Thank you so much for having me today. It's a great opportunity and a great event bringing research and practitioners and industry together. So thanks for the invitation.

I will talk a bit about my research today. So my name is Florian Fischer.

I am a postdoc research associate in the Intelligent Interactive Systems group at the University of Cambridge. And my research is mainly about modeling, predicting, and improving human-computer interaction.

Overview of Human-Computer Interaction

So what does that mean?

Human computer interaction, that's a kind of official definition by the committee, is a discipline concerned with the design, evaluation, and implementation of interactive computing systems for human use. And that's the essential bit.

So it's not only about finding more aesthetically appealing design designs or layouts and these kind of things but mainly putting the user in the focus and that's also why some of you might be familiar with and we have that user-centered design process both in as a main methodology for research but also for designers and practice which put the user at the beginning and also at the center of all the following iterative steps.

So we first need to understand the context in which the system is to be deployed, specify the user requirements, and then come up with design solutions that again need to be evaluated against what the target group or the users really need.

User-Centered Design Process

So for coming up with these design solutions, we have some, for example, guidelines, rough ideas of what a good design UI UX case might look like. However, the design space changes.

So in this traditional device era, we had stationary devices, mobile devices, desktop computers, tablets, smart watches, which kind of constrained and limited the possibilities the design space offers. For example, in terms of the Windows screen, in general, the Windows constrained and limited what can be outputted by an application, but also the input methods were kind of clearly defined.

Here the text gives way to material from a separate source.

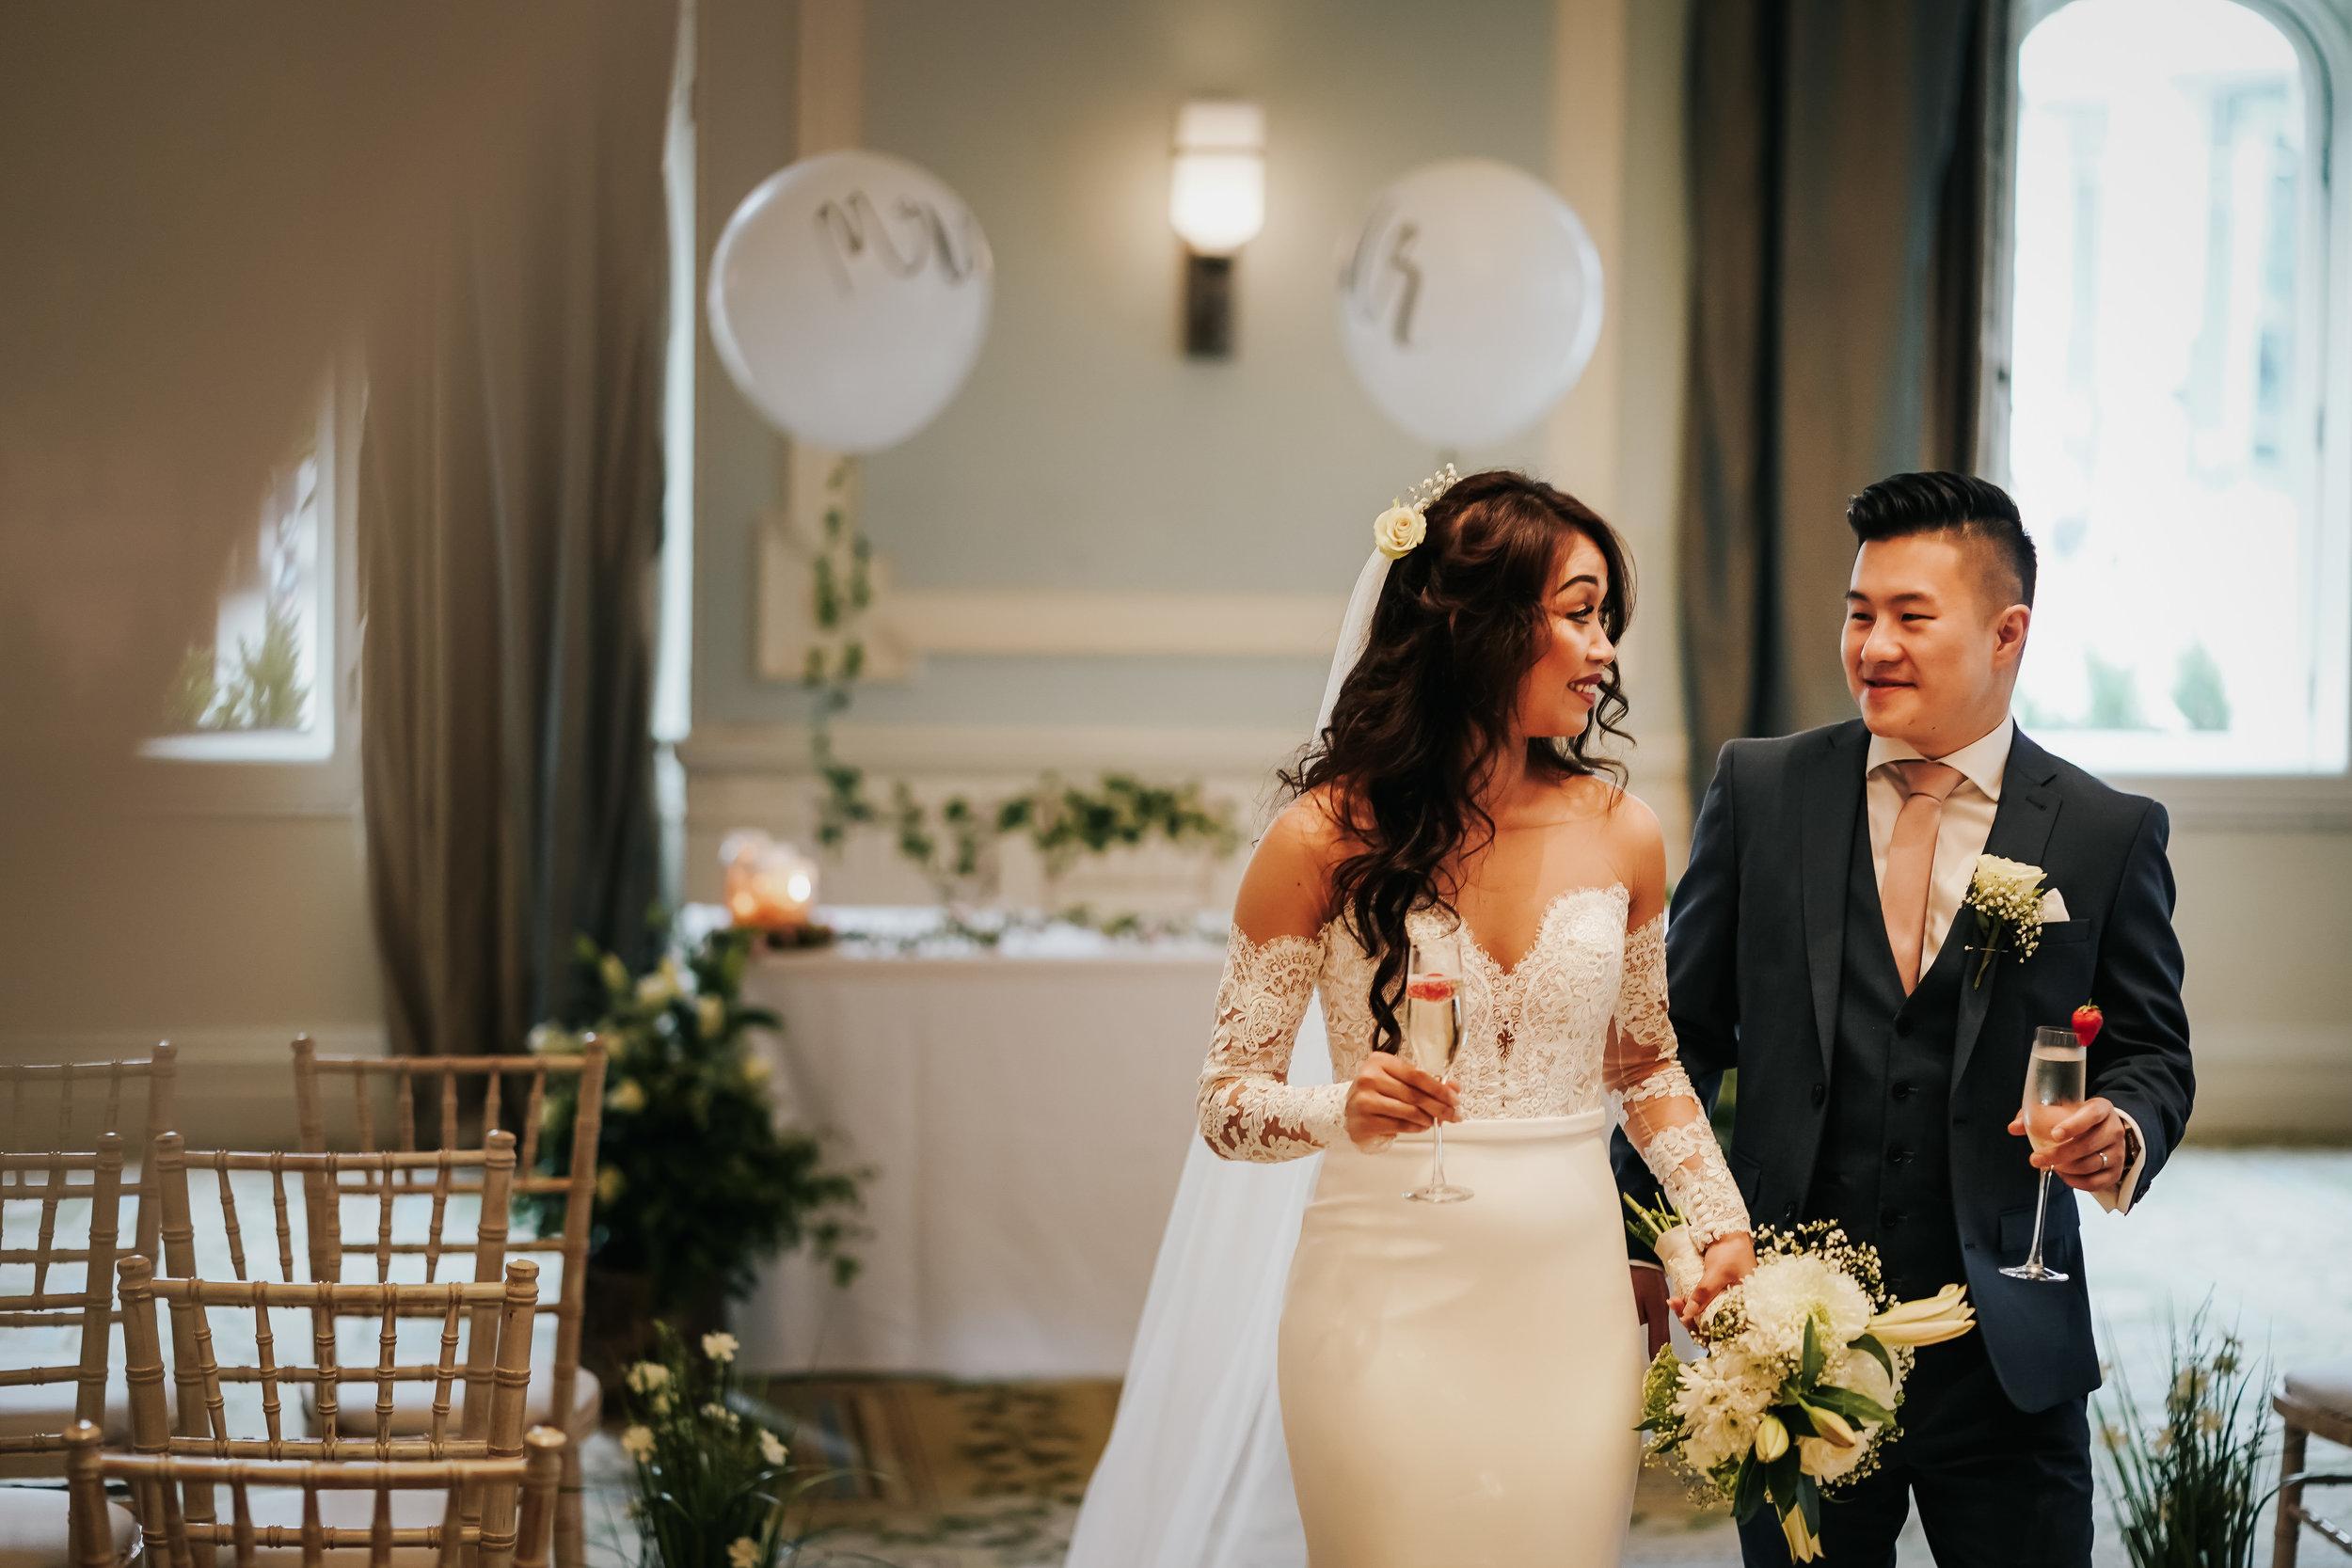 Chinese Wedding Photography Manchester wedding photographer Cheshire - 020.jpg
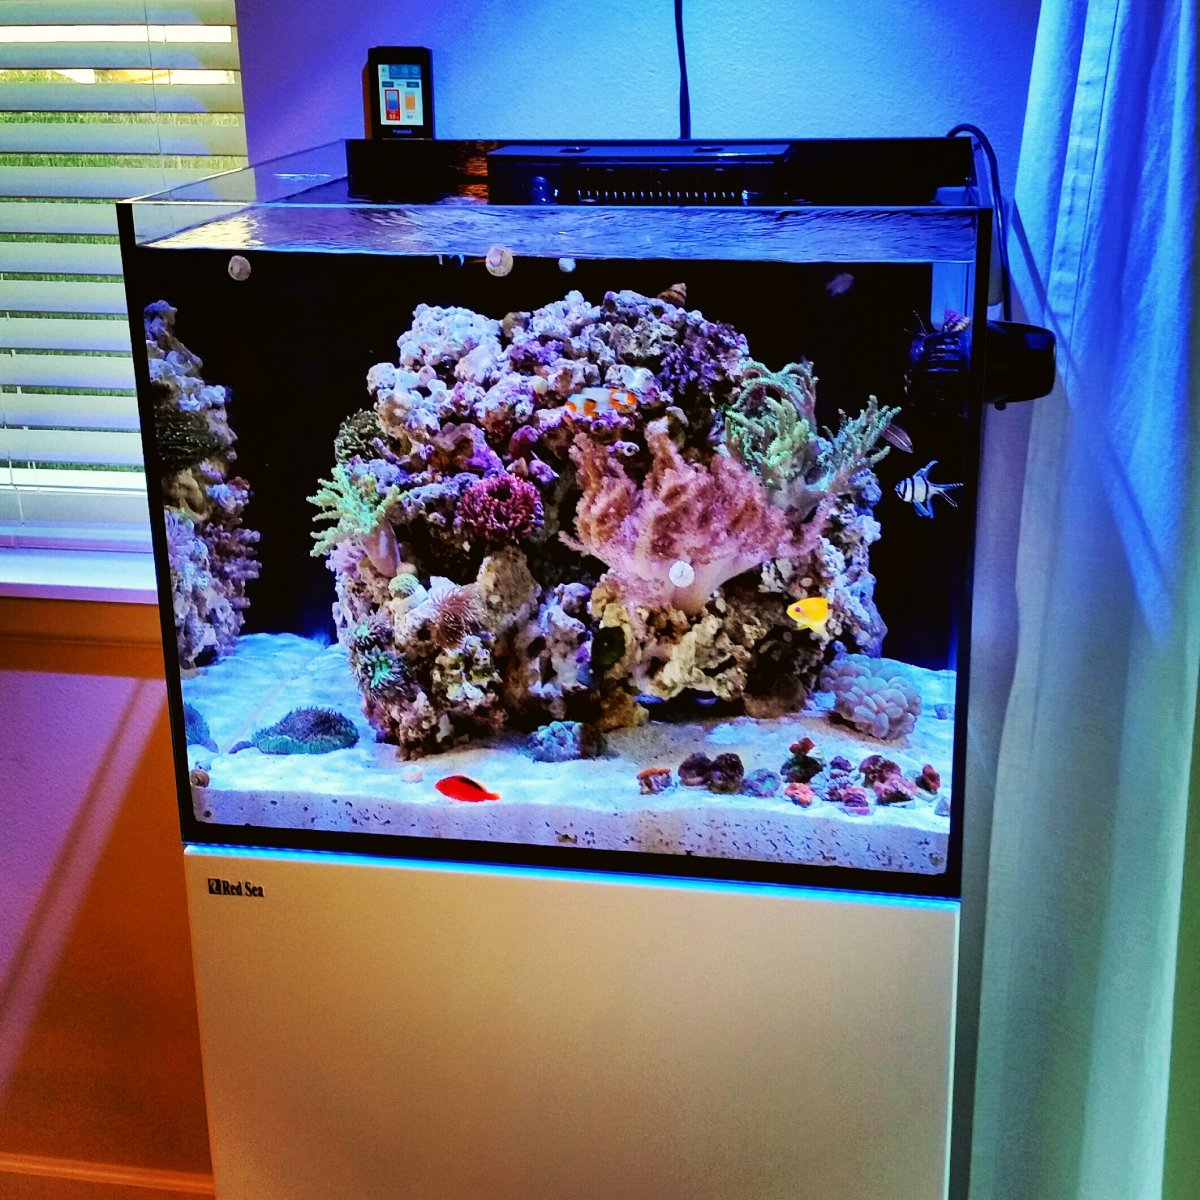 dd911 39 s red sea reefer 170 reef2reef saltwater and reef. Black Bedroom Furniture Sets. Home Design Ideas

But now that we're entering that spatial error, not saying that the devices will not be important anymore, but an error which offers much more opportunities as it allows users to directly interact with virtual objects in the same way as physical objects. So touching them, grasping them, playing around with them, maybe even speaking to them, offers an basically infinite design space that is much harder to cope with.

Research Focus

So what we propose and what I think is needed what we're currently working on, are computational models that allow us to predict and understand how users interact with technology, with interfaces.

And there are, during the last 10, 20 years, a lot of different kind of models that have been proposed in human-computer interaction in different areas.

For the sake of time, I won't go into detail here, but we'll focus my talk on another aspect.

Body Movement and HCI

If you have a look at all these different interaction techniques, both traditional ones and also ARVR usage, they all have something in common. They're all fundamentally based on human body movement. And that's an aspect that traditionally has been neglected in at least HCI, human computer interaction research. But it's important to have a closer look at that because body movement data conveys a lot of meaningful information, not only about the user's intent, but also about their uncertainty in doing a certain task or exercise and their well-being.

For example, it can be used to infer uncomfortable body postures early on or measure and adapt to physical fatigue. So predicting and understanding these body movements has untapped potential for system design. And the main question is, how can we understand and predict how users move in interaction?

And the method or the approach I'm going to present today consists of two components. The first one is biomechanical body models.

And there has been over the last decades a lot of body models being proposed. Models of different complexity and different scopes.

So the most simple ones basically model users as a rigid body with with simple joints connected to another, more advanced models are more closer to the real physiology. We have different scopes, some of them can only predict movement like the kinematics, others are also able to estimate or predict the underlying neuromuscular skeletal system. And we're focusing on that musculoskeletal level as it conveys a lot of meaningful information.

Biomechanical Models

So we're using this state-of-the-art model. It's a muscle actuated model of the upper extremity, that means of the arm, a model of the shoulder, the elbow, and the wrist. Could also more advanced version or recent versions also have a model of the head or the neck or the torso. So it can be in theory extended to a fully skeletal model.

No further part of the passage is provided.